SCHWALMSTADT. Ich überlege, was passiert, wenn in einem großen Industrietrieb die Geschäftsführung entscheidet, ein wichtiges Bauteil bei Zulieferer A zu kaufen, aber der Chef des Einkaufs – entgegen aller Absprachen – mit Zulieferer B einen Vertrag schließt?
Oder noch besser: wenn eine „kleine“ Reinigungskraft in einer Hühnerfarm die Weisung hat, nicht mit Fipronil zu reinigen und sie tut es doch? Wie lange würde es dauern, bis sich beide ein neues Betätigungsfeld suchen dürfen? Wenn ein Bundesminister in Brüssel gegen eine Weisung handelt, ist das hingegen nicht unmittelbar gefährlich für den Job…
Was macht das Gift eigentlich? Es tötet alles ab, was Blätter hat und wird deshalb vor der Aussaat ausgebracht. Dann wächst also nichts mehr und der Boden ist leicht zu bearbeiteten. Der Clou: Pflanzen kann man gentechnisch so verändern, dass sie gegen dieses Herbizid unempfindlich werden. Dann lässt sich das Gift sogar ganzjährig einsetzen…
Landwirte argumentieren gerne mit der Unumgänglichkeit des Ausbringens von Pestiziden. Ob Herbizide oder Insektizide, die Pflanzenschutzmittel, wie sie liebevoll auch genannt werden, wenn man den Giftbegriff umgehen will, sollen die Landwirtschaft einfacher machen und natürlich wirtschaftlicher. Erlaubt ist alles, was nicht unmittelbar schädigt und dem Landbau nützt.

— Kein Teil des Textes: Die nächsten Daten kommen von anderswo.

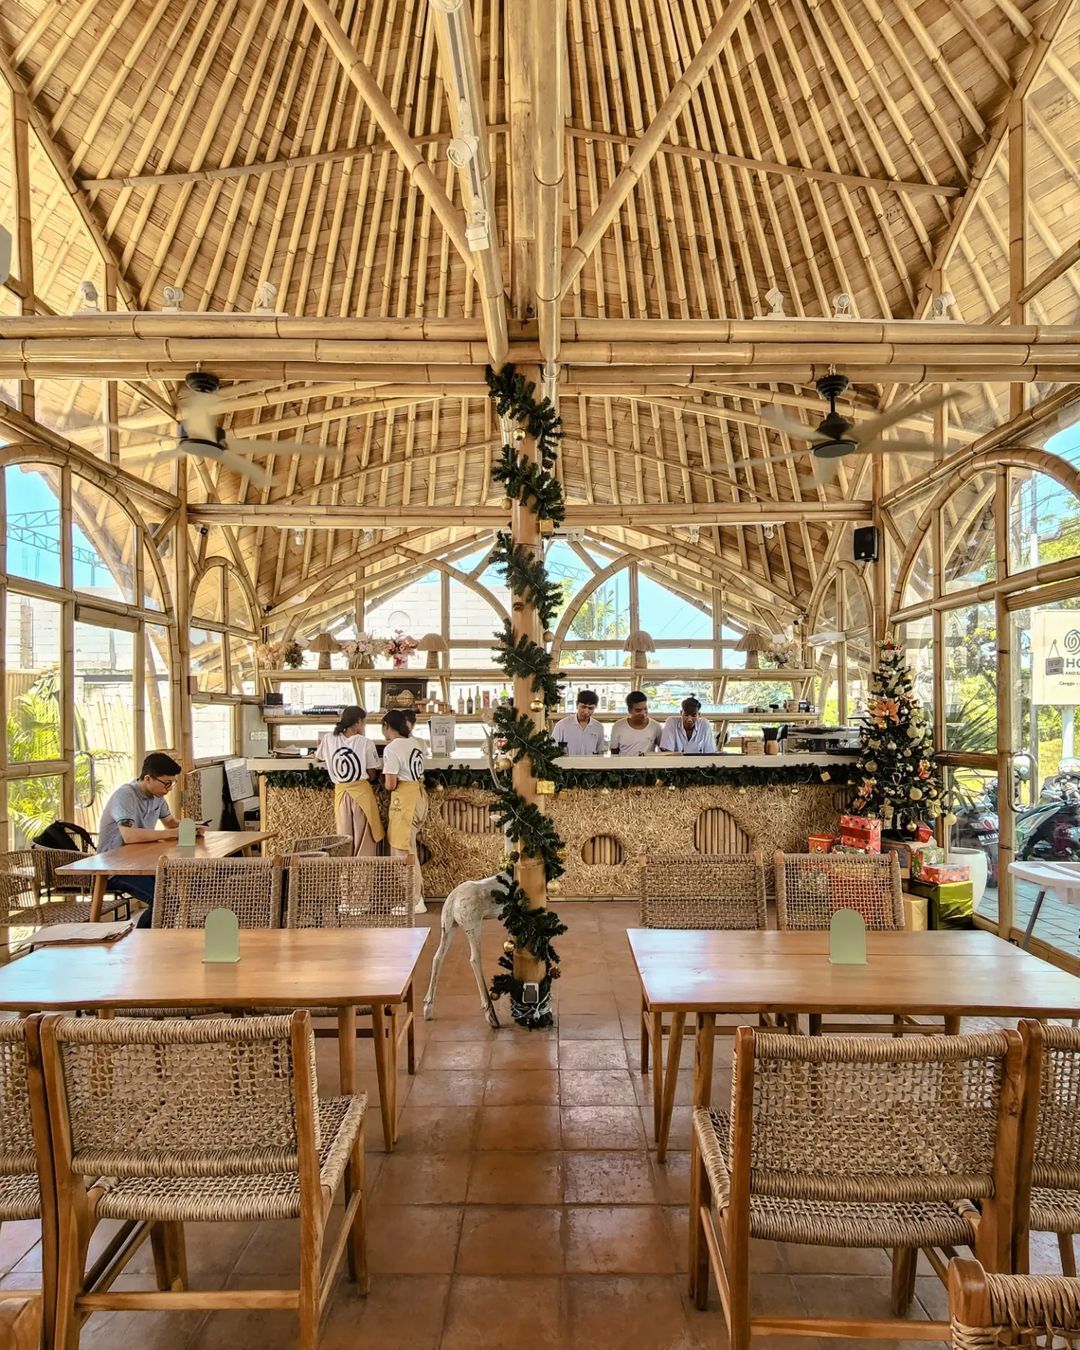 Review Gihon Cafe Eatery Bali Image From @cafedarling
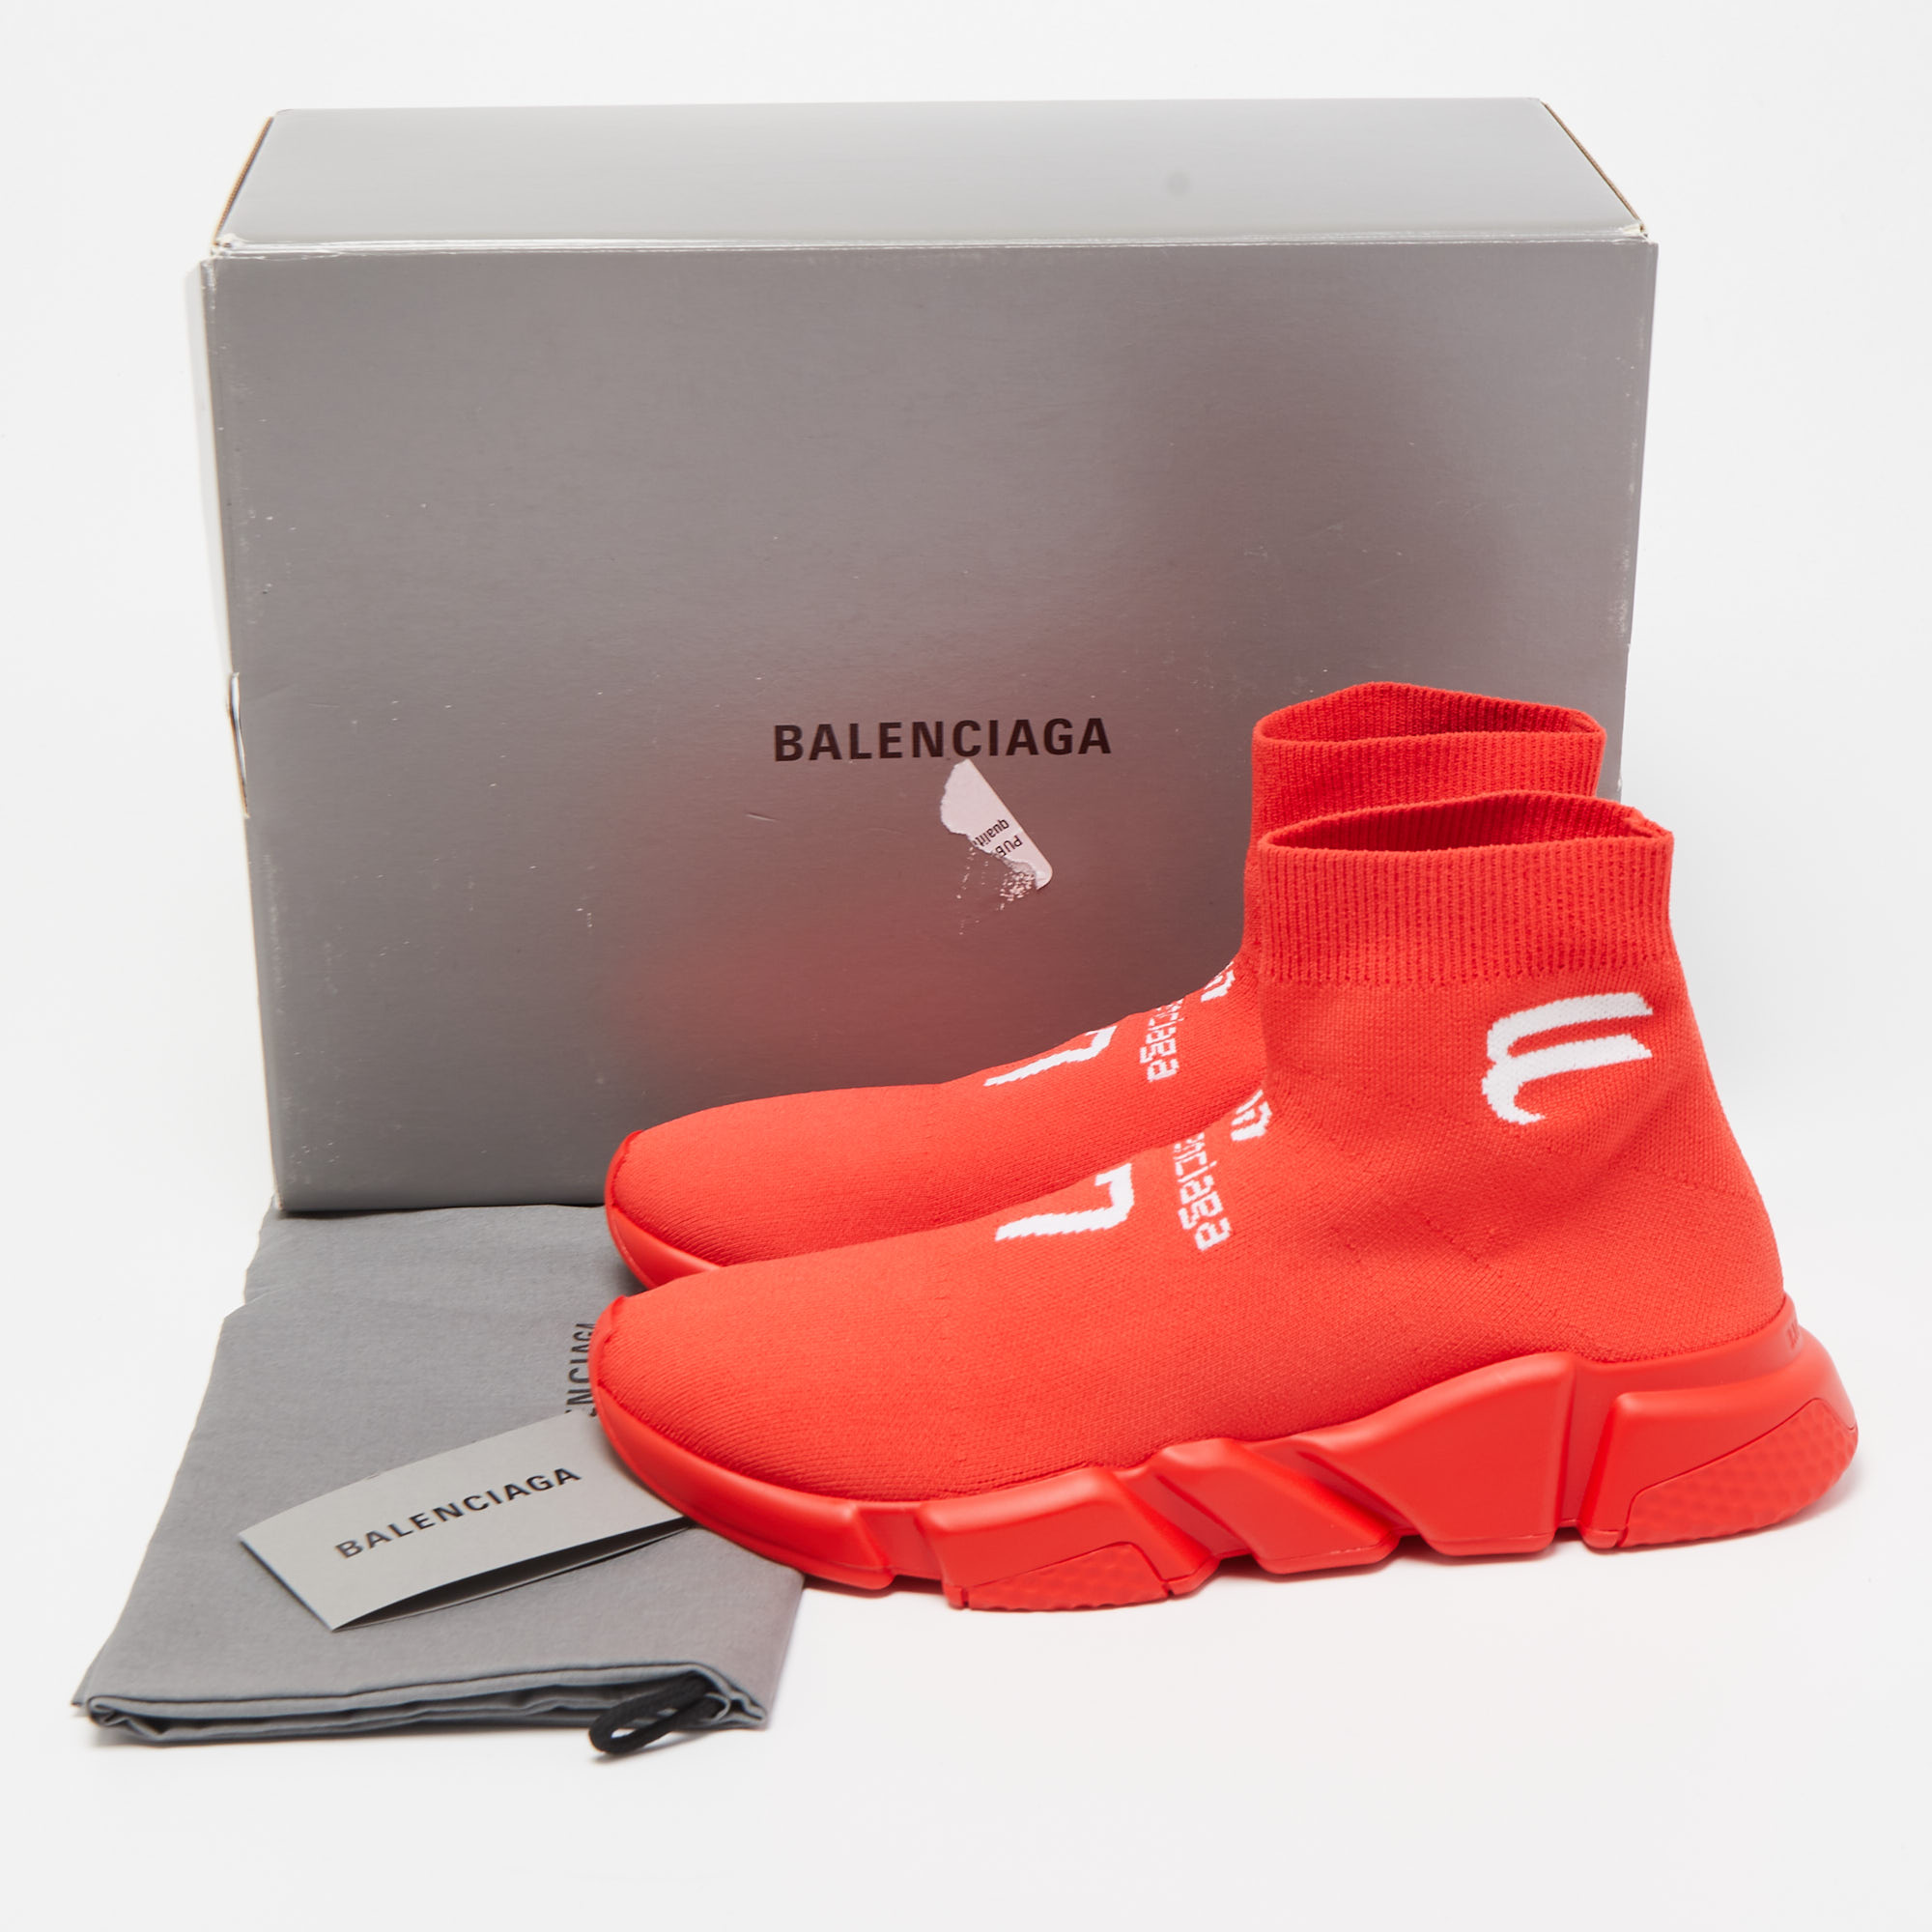 Balenciaga Red Knit Fabric Speed LT Soccer Sneakers Size 42

Das ist so, als würden wir an Gerüsten keine Geländer mehr anschrauben, weil sich Häuser dann billiger bauen lassen. Solange keiner dahin tritt, wo er nicht hinlatschen darf, kein Problem! Wir könnten Autobahnen auch billiger und wirtschaftlicher machen, wenn wir die Mittelstreifen weglassen. Solange sich alle an die Regeln halten, nicht zu schnell fahren, nicht betrunken und unausgeruht fahren, kein Problem!
Das machen wir aber aus gutem trotzdem nicht, nur weil es dann wirtschaftlicher wäre. Das schöne ist außerdem, dass nicht der einzelne Bauer einen Vorteil von Wirkstoffen wie Glyphosat hat, sondern entweder alle oder keiner. Deshalb ist es gut, dass die EU das für ganz Europa regelt. Und weil auch der wichtigste Konkurrent in der Produktion, die USA, das Pestizid wegen seiner möglichen Krebsgefahr schon verboten hat, gibt es eigentlich keinen echten Wettbewerbsnachteil aus einem Verbot.
Seit der Mensch entschieden hat, sein Dasein als Jäger und Sammler aufzugeben, hat es immer Landwirtschaft gegeben. Lange bevor Pestizide erfunden wurden hat sie funktioniert. Es geht um Effizienz und letztlich um billig herzustellende Lebensmittel. Dabei reduzieren wir lästige Mücken und Ungeziefer gleich mit, die uns plagen und nerven.
Die Kehrseite ist, dass wir gerufene Geister schwer wieder loswerden. Gerade haben wir erfahren, dass die Artenvielfalt der Insekten dramatisch abnimmt und sich die Gesamtpopulation der Insekten der niedrigen Schwelle nähert, unter der auch unsere Lebensmittel nicht mehr funktionieren, weil die Bestäubung ausfällt. In China, wo Personal noch billig ist, wird in einigen Regionen schon manuell bestäubt. Und längst ist Glyphosat in Lebensmitteln angekommen, weil das Zeug eben nicht immer kontrolliert angewendet wird. Und wenn sich der Krebsverdacht bestätigt, freut sich die Chemieindustrie ein zweites Mal, den Chemotherapien sind ein einträgliches Geschäft.
Wirtschaftlichkeit ist auf Sicht also relativ. Irgendwann wird’s dafür richtig teuer. Aber diese Kosten trägt dann der Staat. Der könnte aber jetzt vorausschauend handeln und genau das verhindern.